Let's stick to the parlance of biology since that is the most objective and acccurate approach to the situation. That the embryo is alive is not the issue - in my view. There are many different spots where this biological tissue takes major progression steps.

OK so what criteria, in the absence of a verifiable soul, do we have to establish any person's right not to be terminated (ie person with brain damage, severe birth defects). newborn infants most certainly do not have the same sort of "conciousness" that adults do, but that certainly doesn't mean they aren't "persons".

but again, where is the 'line'? and i'm not trying to be evasive, i'm trying to kind of think thruogh this as i type it - so its a useful discussion (for me anyway :p).

some would say that the point at which the fetus is viable outside the womb, it has rights of its own. I believe this is the law in most states (~30+). So basically at 22-23 weeks gestational age, which is an ultra-premature birth, most states prohibit abortion afterwards. We can refer to this point as the time when the fetus is "viable". I think the obstetrician who will perform abortions in this range are extremely rare where it might be legal - with the exception of a woman's life who is severely endangered.

I tend to think that 'viability' is a good demarcation point. There aren't many 'demarcation points' along the way really where you have true distinct transitional stages. Conception, viability, and parturition (vaginal delivery) are the 3 big ones.

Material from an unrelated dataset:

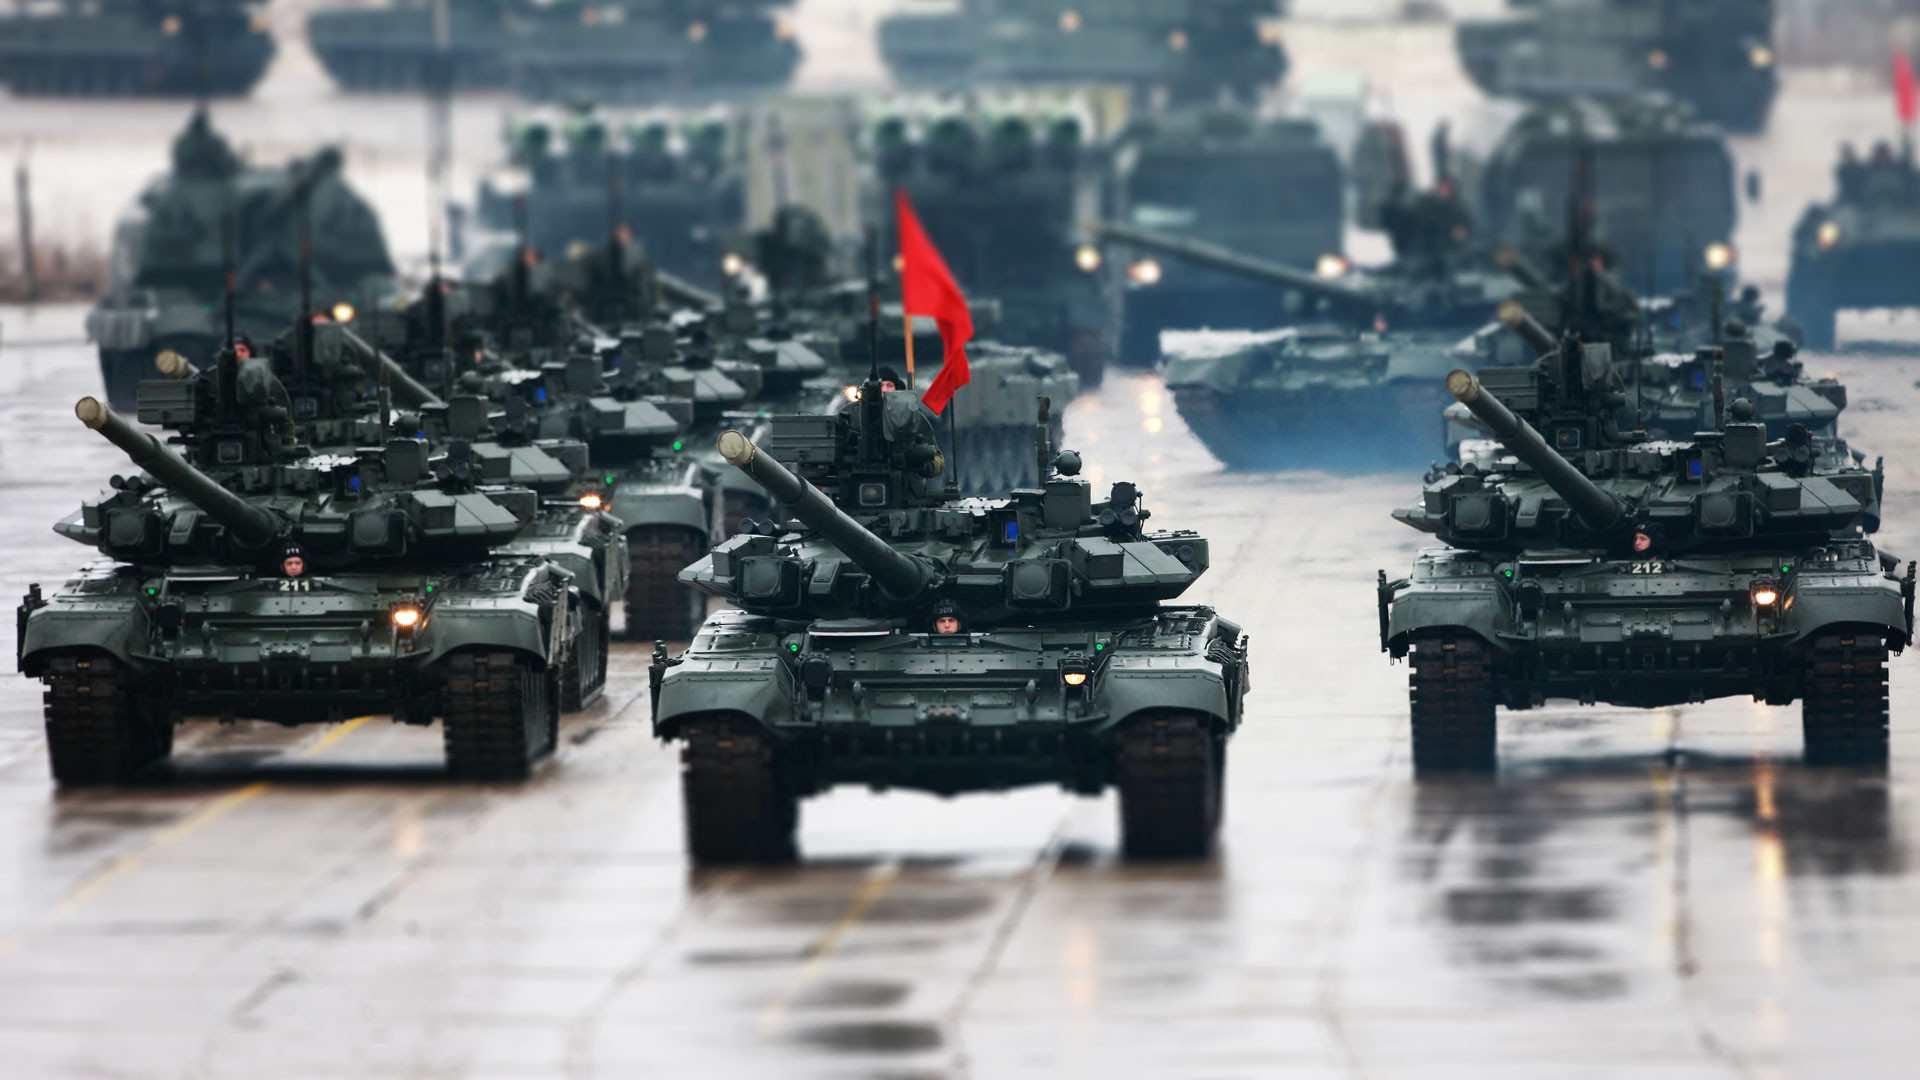 Кремъл: Армията ни се движи на наша територия и под формата, която ние считаме за необходимо!

back to the issue of 'soul'. If i deny that, i must offer something in its stead as the 'guarantor' of individual rights. That is our brain. So at what point in development does the brain take on the characteristics that make us 'a person'? I don't think there is any one point. I think it is popular to take the anthropomorphic view that "conciousness" is a uniquely human phenomenon. I am of the opinion that like most other neural systems, it is something that has arisen gradually throughout evolution. There is probably something unique to mammalian cortex (sheer number of cells and cell layers making such associative connectivity possible) that produces the phenomenon, but it is still something that has gradually progressed through primates - obviously, exponentially magnified in hominids - and is probably present in a minimal state in most mammals. I think it certainly *appears* that our dogs and cats have some basic level of capability to understand their state, for example they appear capable of suffering. SOOOO...i have made an evolutionary point? wtf does that have to do with a human fetus?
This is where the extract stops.